Data extract: Begin
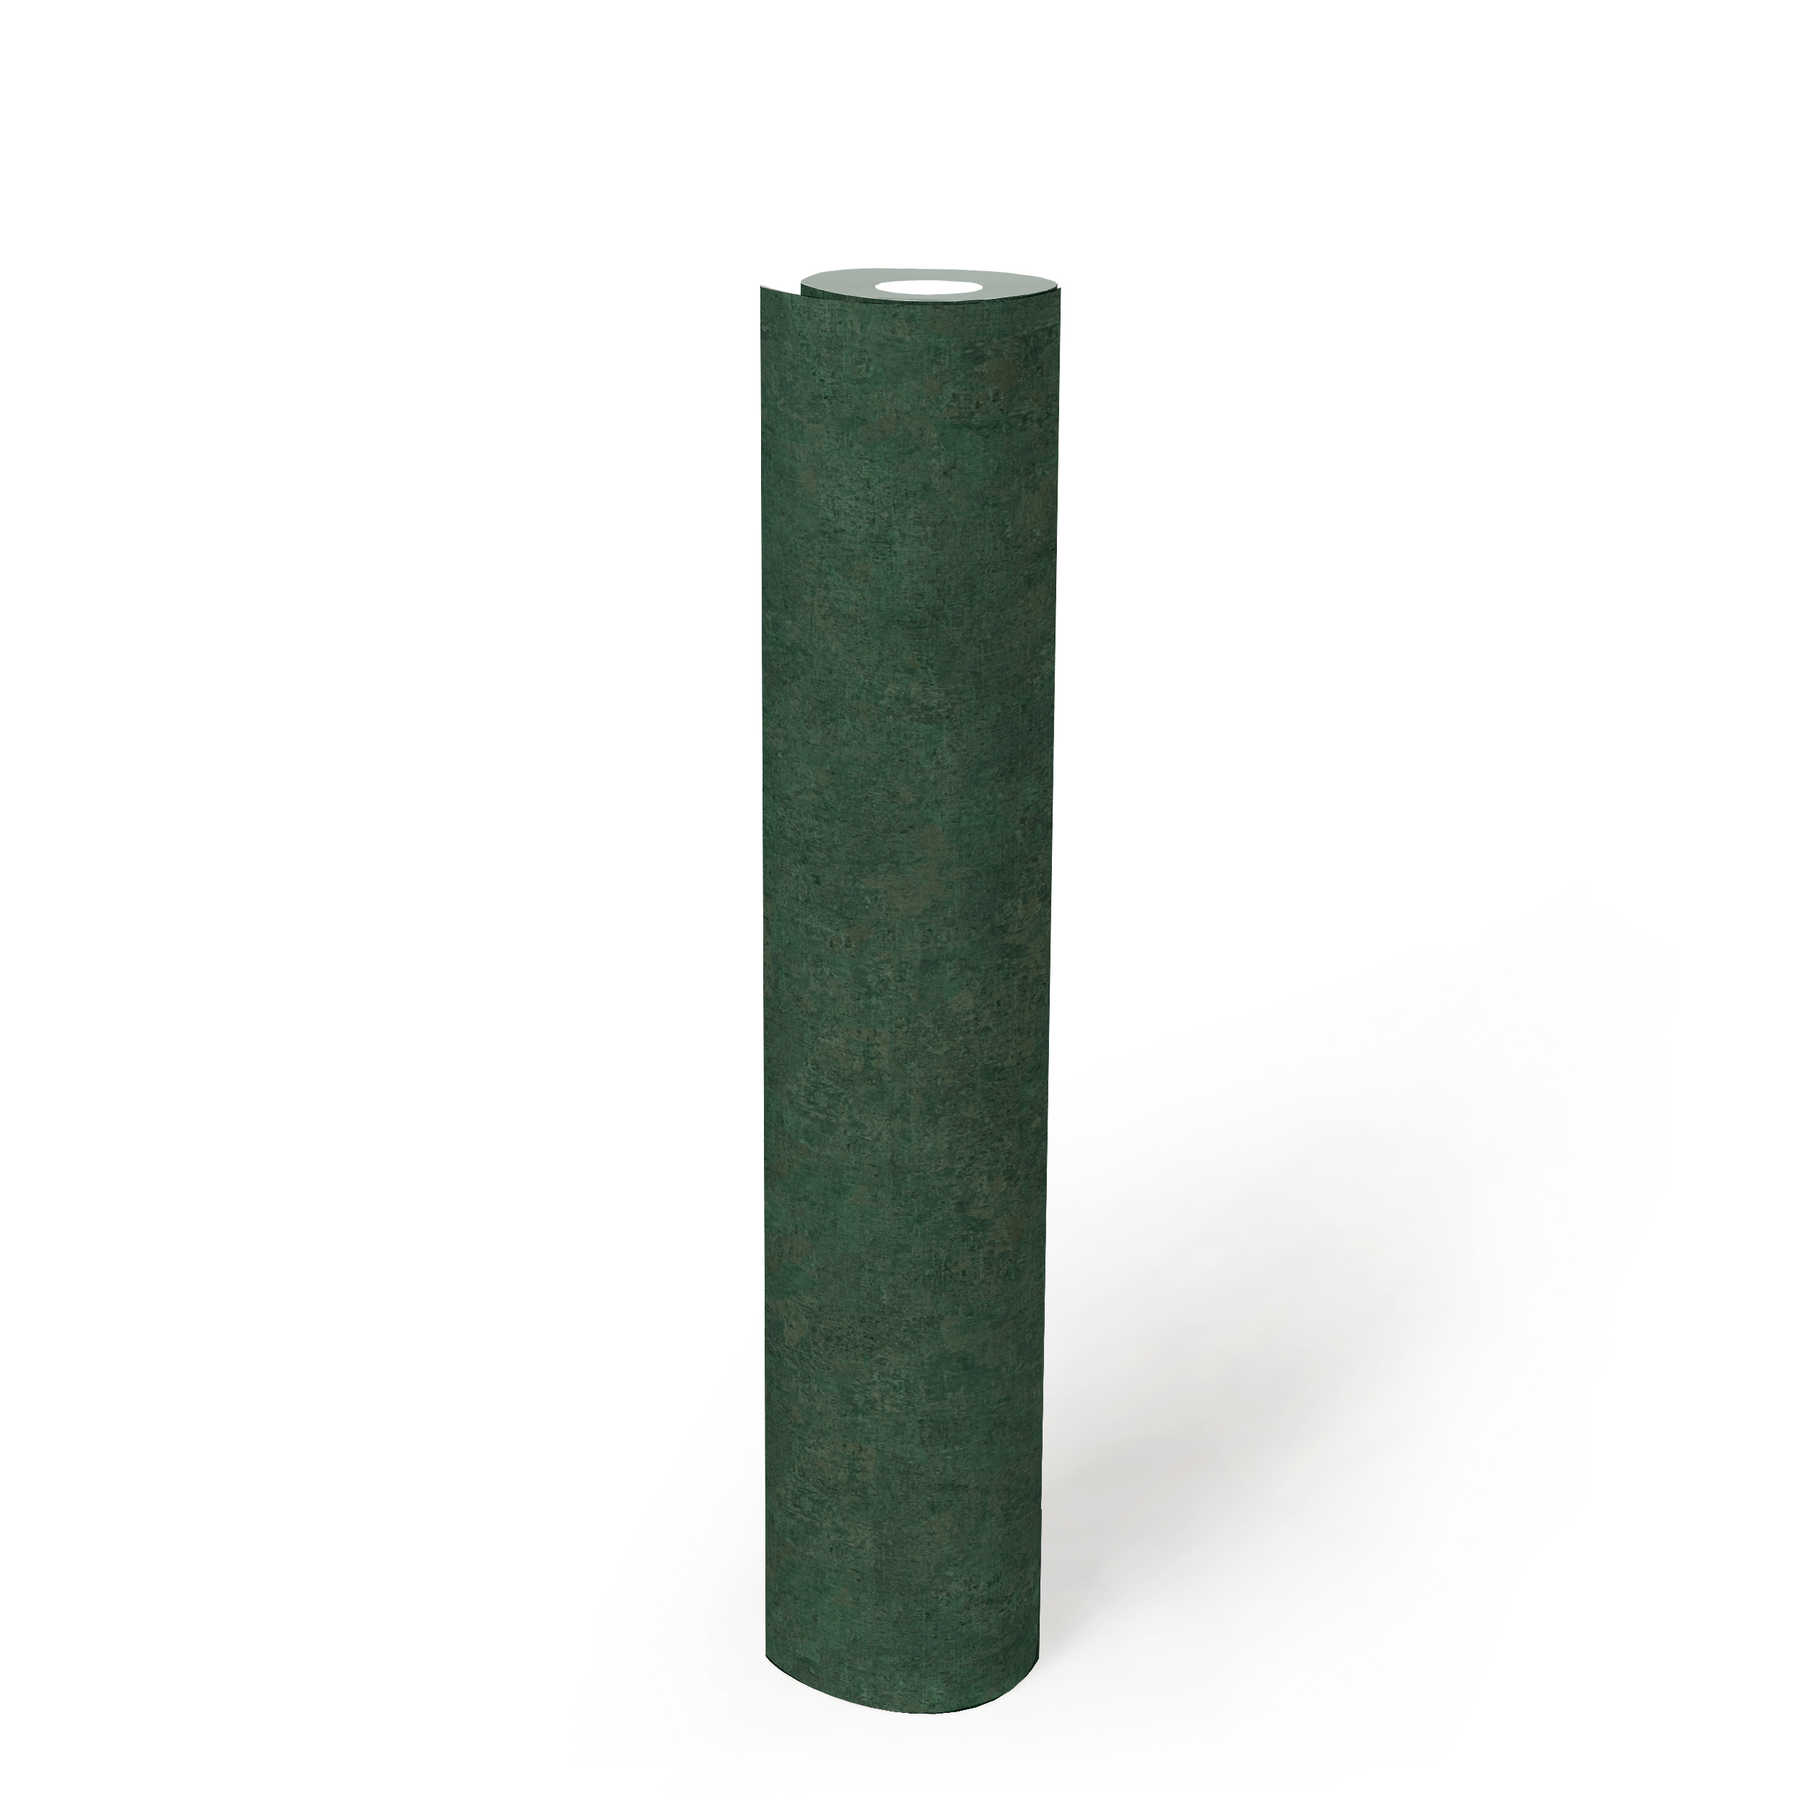             Papier peint intissé uni, motifs colorés & look vintage - Vert
        
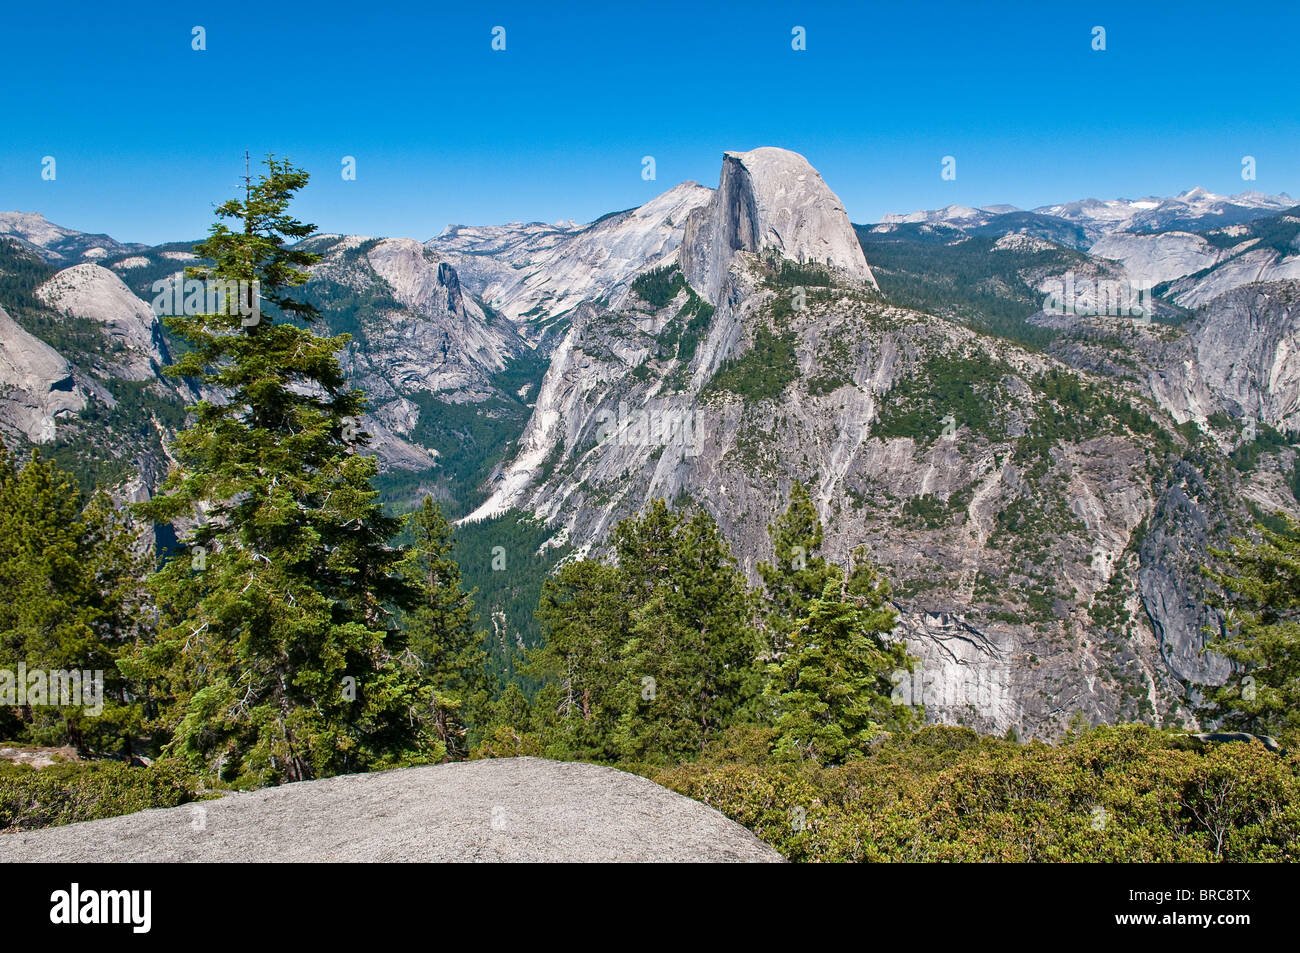 Demi Dôme Mountain vu de Glacier Point, Yosemite National Park, California, USA Banque D'Images
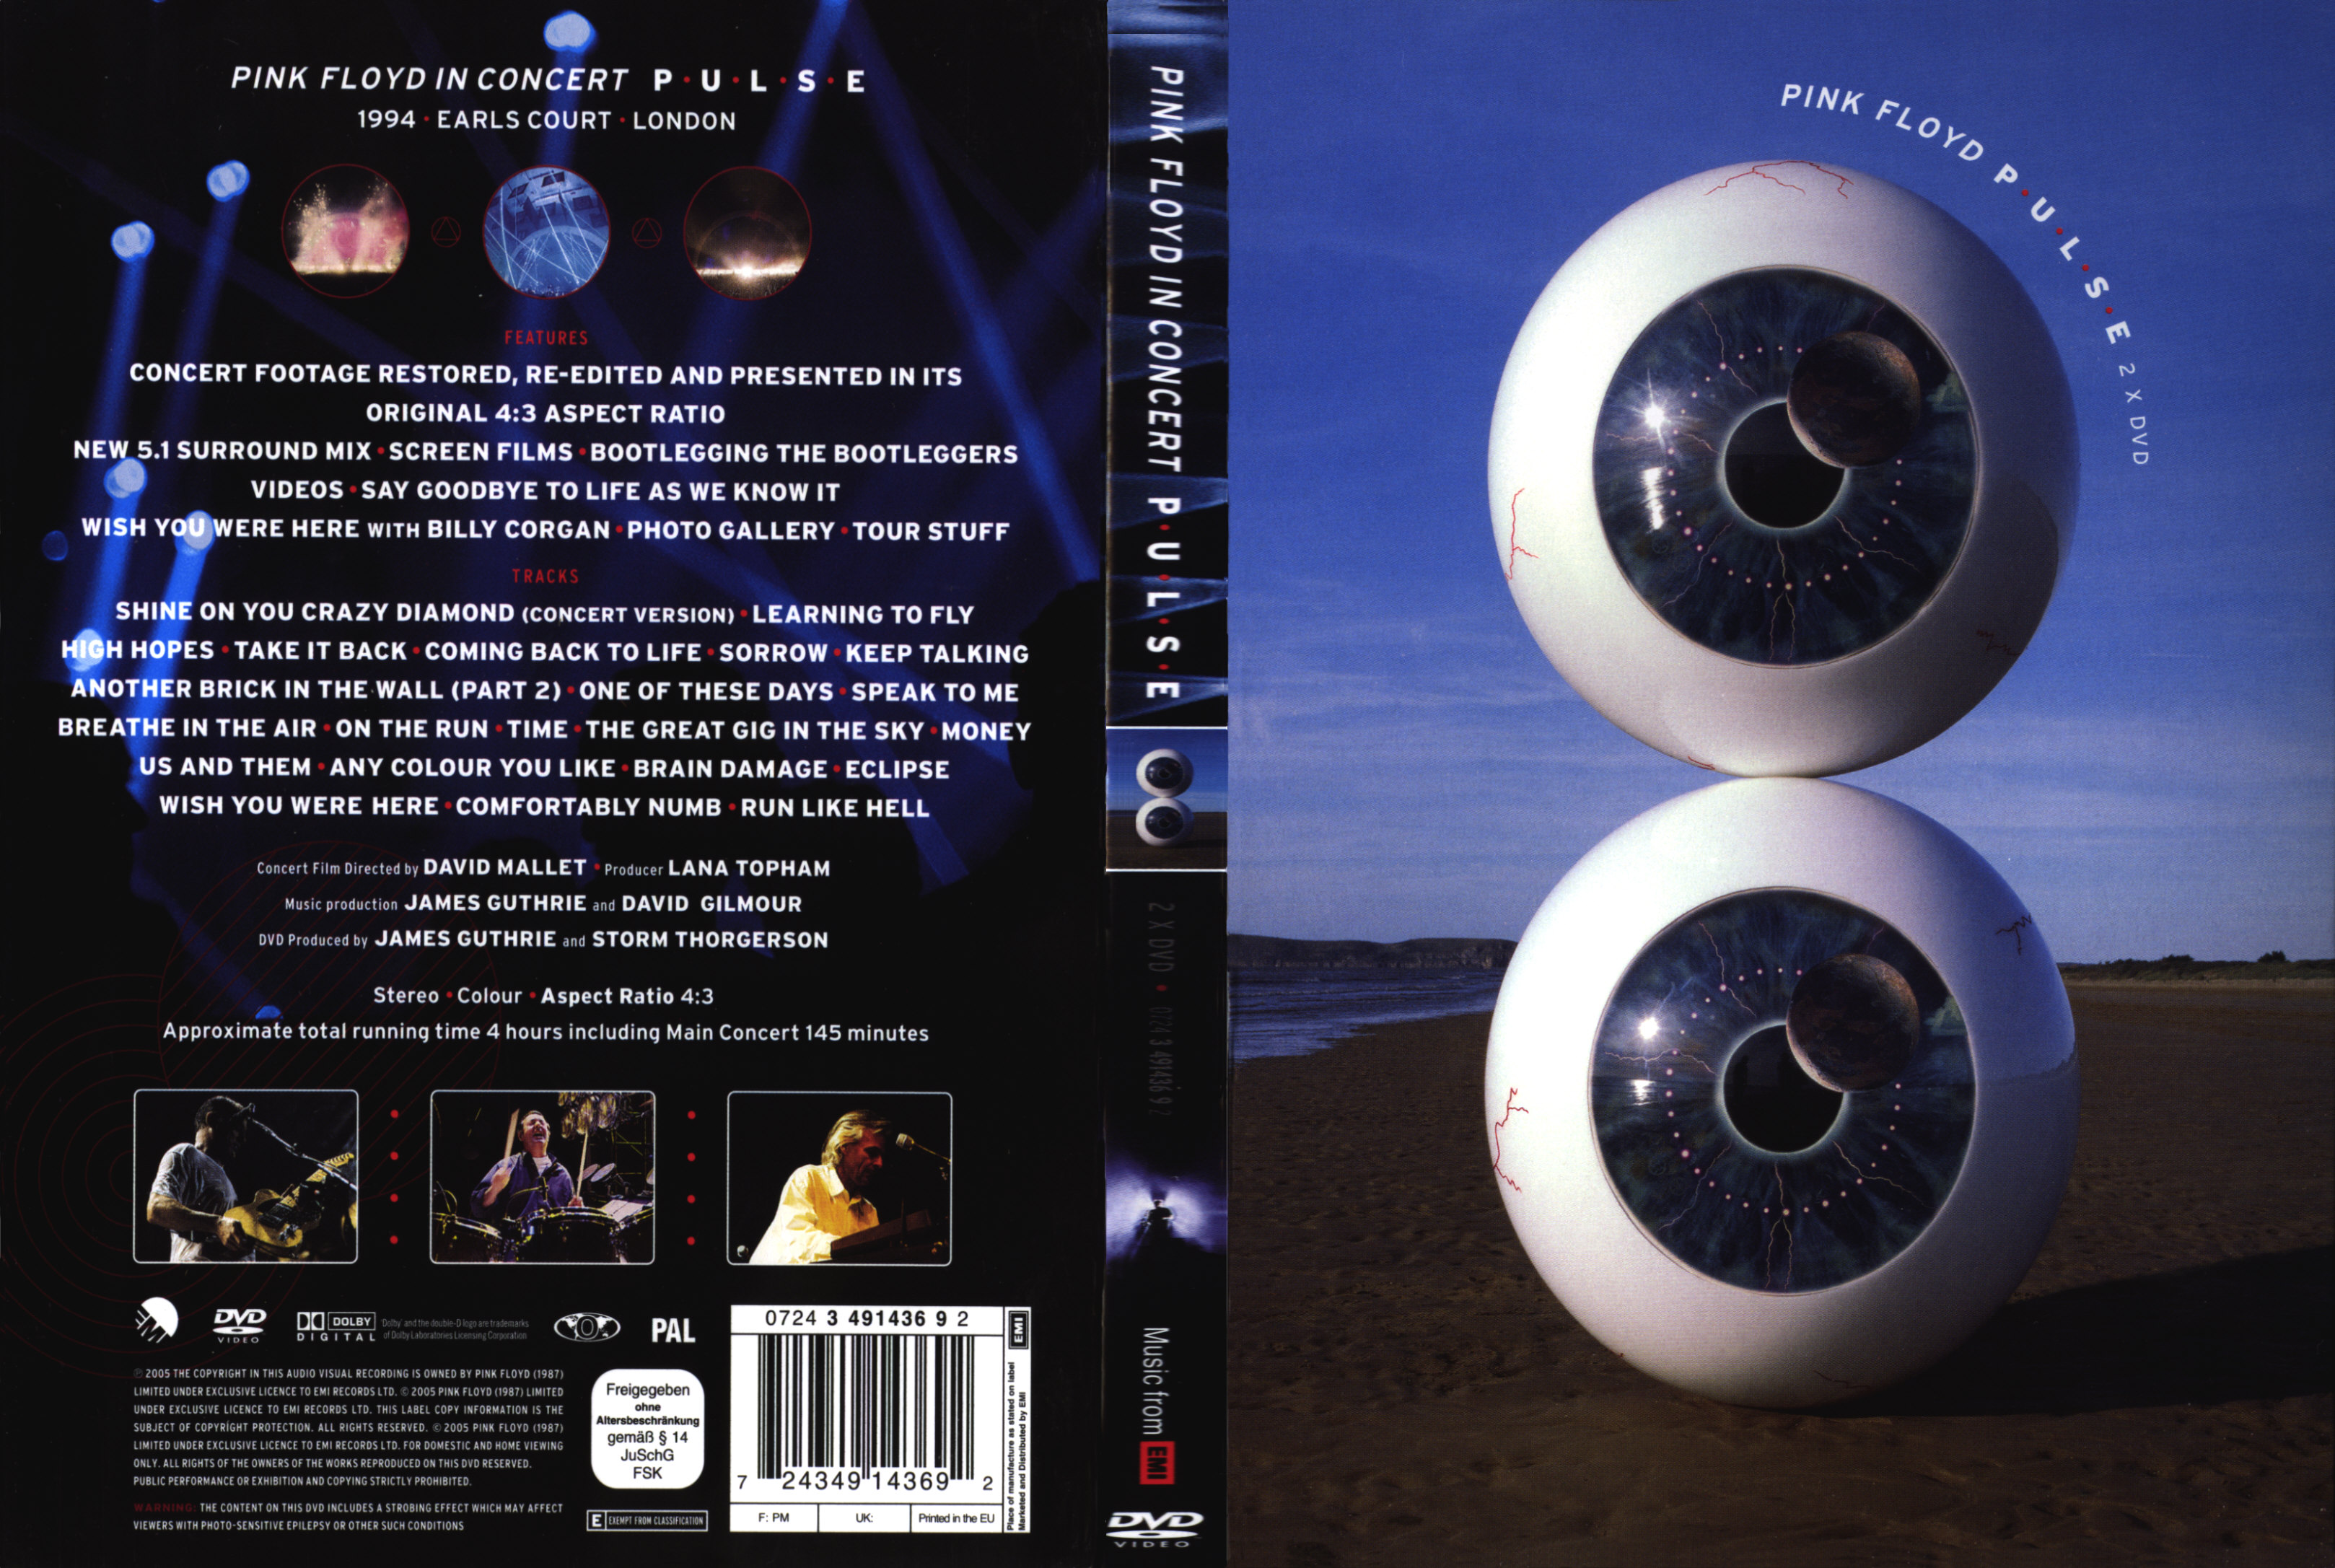 Jaquette DVD Pink Floyd pulse v2
Data extract: End
What is expected
The material above is to be transcribed exactly, with all pictures omitted.

Exercise result
             Papier peint intissé uni, motifs colorés & look vintage - Vert
        
 Demi Dôme Mountain vu de Glacier Point, Yosemite National Park, California, USA Banque D'Images
 Jaquette DVD Pink Floyd pulse v2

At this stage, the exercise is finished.